В миг её рука взметнулась к груди. Выстрел прогремел так, что задребезжали стёкла. Сафонов отшатнулся, а затем, минуя шок, бросился к упавшей на пол Марье.
— Мама… прости меня… — превозмогая боль, прошептала она одними бескровными губами, а затем слегка улыбнулась, словно увидев знакомое лицо. Пальцы, столь крепко державшие пистолет, расслабили хватку, и в глазах, обращённых теперь в небытие, сверкнули отблески огня.
Сафонов забрал из её рук револьвер, желая, должно быть, опередить Юлию Михайловну, бросившуюся к дочери. Она упала на колени рядом с ней, прижала к себе и стала трясти, не веря в произошедшее. Однако было поздно, и от этого осознания женщину словно парализовало, воздух в лёгких исчез, и, желая закричать, она издала слабый хрип.
— Она невиновна… Это я! Я застрелила того ублюдка, застрелила из пистолета моего же мужа! Откуда мне было знать, что у Дмитрия была связь с Машей? Я узнала, что именно он шантажировал Александра, говорил, что подаст на него в суд из-за какого-то давнего их дела… После того, как муж застрелился, я поклялась, что отомщу, что Дмитрий ни за что не останется безнаказанным! Такие, как он, не заслуживают жизни! — не в силах больше сдерживаться, она принялась сыпать проклятиями.

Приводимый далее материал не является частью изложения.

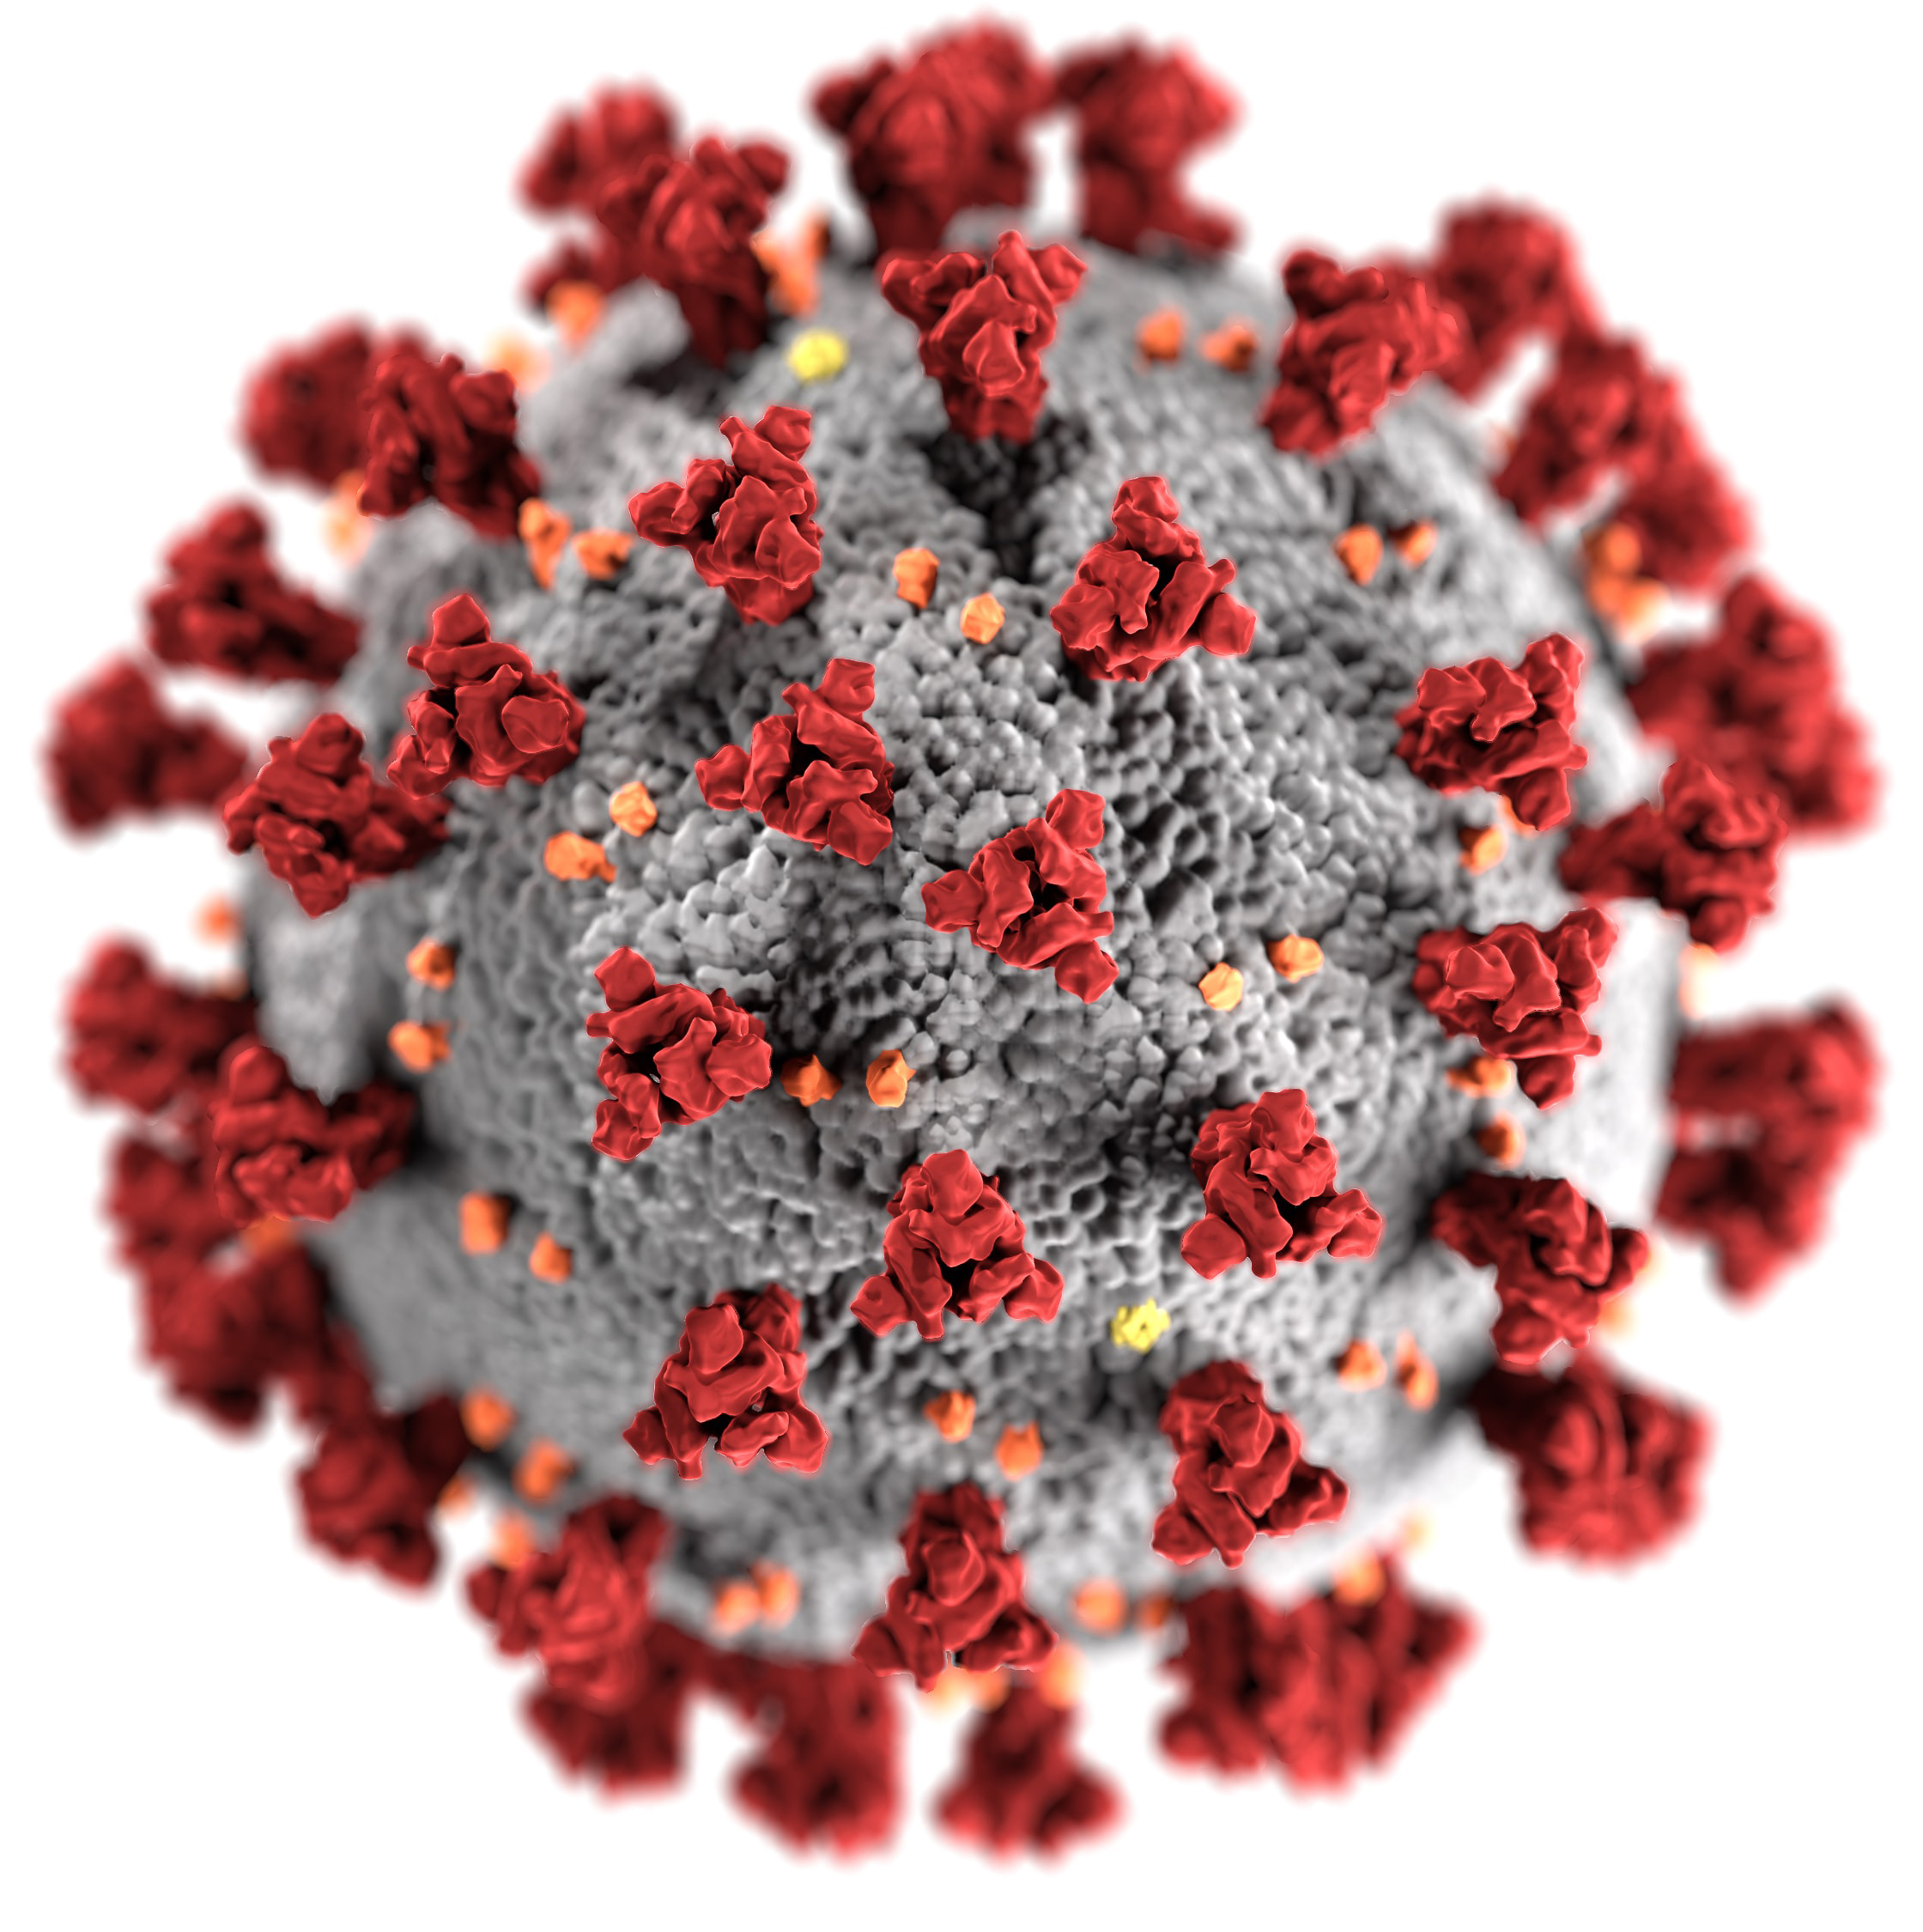 An depiction of the COVID virus
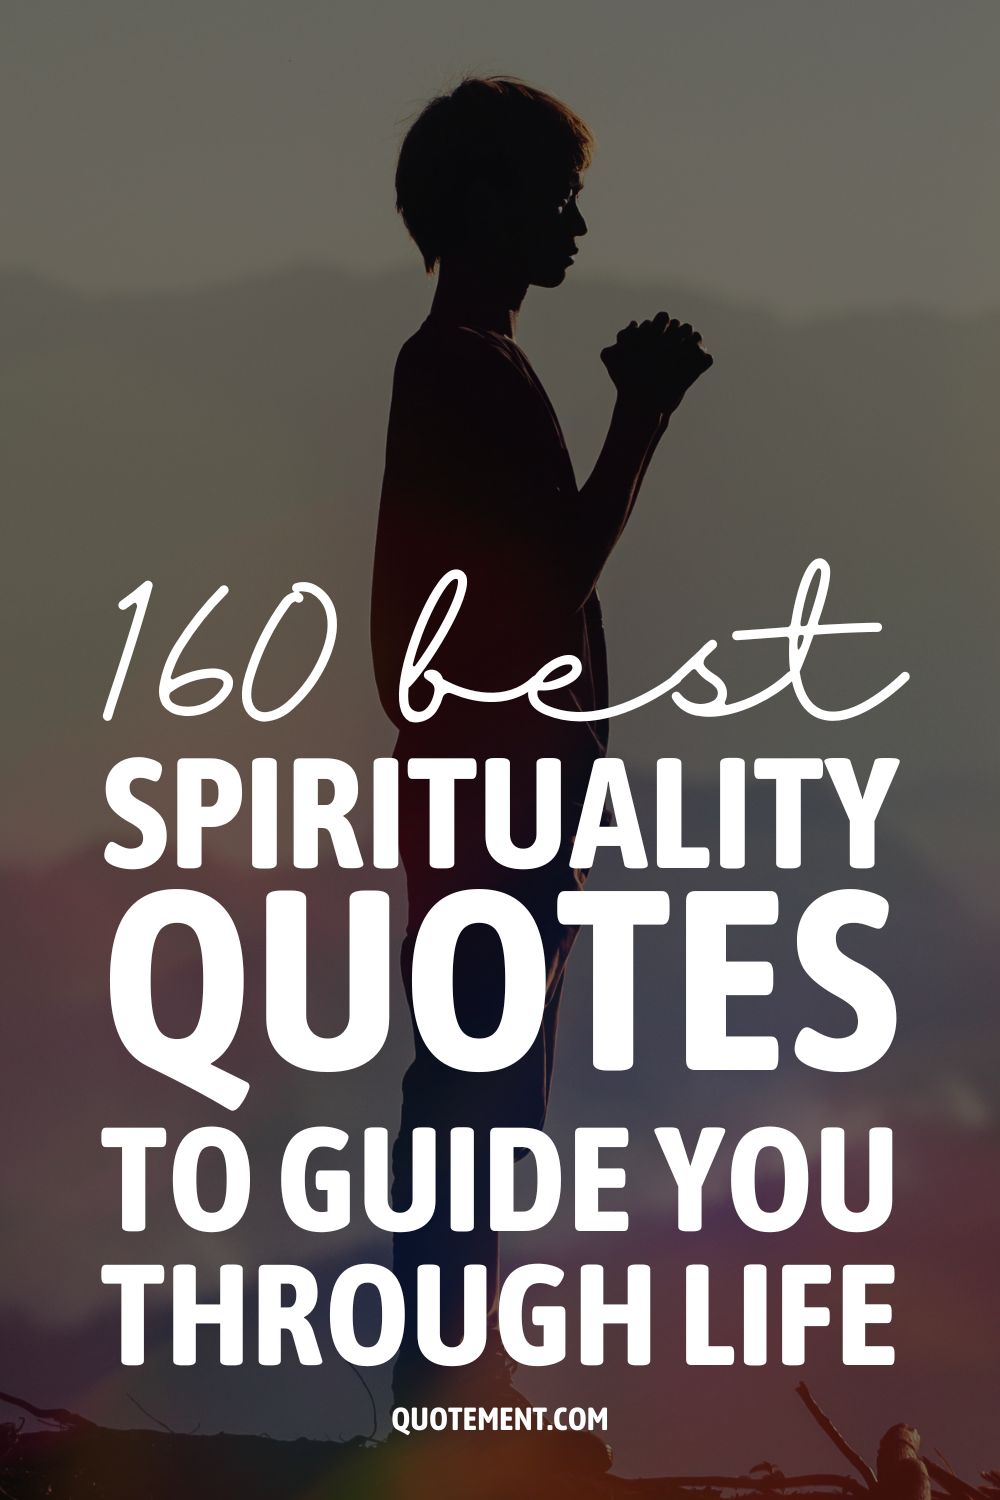 160 Best Spirituality Quotes To Guide You Through Life

— Не только вашего мужа шантажировал Дмитрий, — тихо, опустив глаза, сказала Анна Васильевна.
— Да, я знаю об этом. Однако сейчас есть задача куда более важная: нам надо передать Юлию Михайловну конвою, который, как кажется, наконец-то подъехал, — Сафонов потупил взгляд. — Хотя главное своё наказание она уже понесла…
**
— И всё же, я совершенно не понимаю, Андрей Петрович: как вы узнали обо всём? — спросил Филимонов у пристава, когда они, сидя в экипаже, ехали обратно в город.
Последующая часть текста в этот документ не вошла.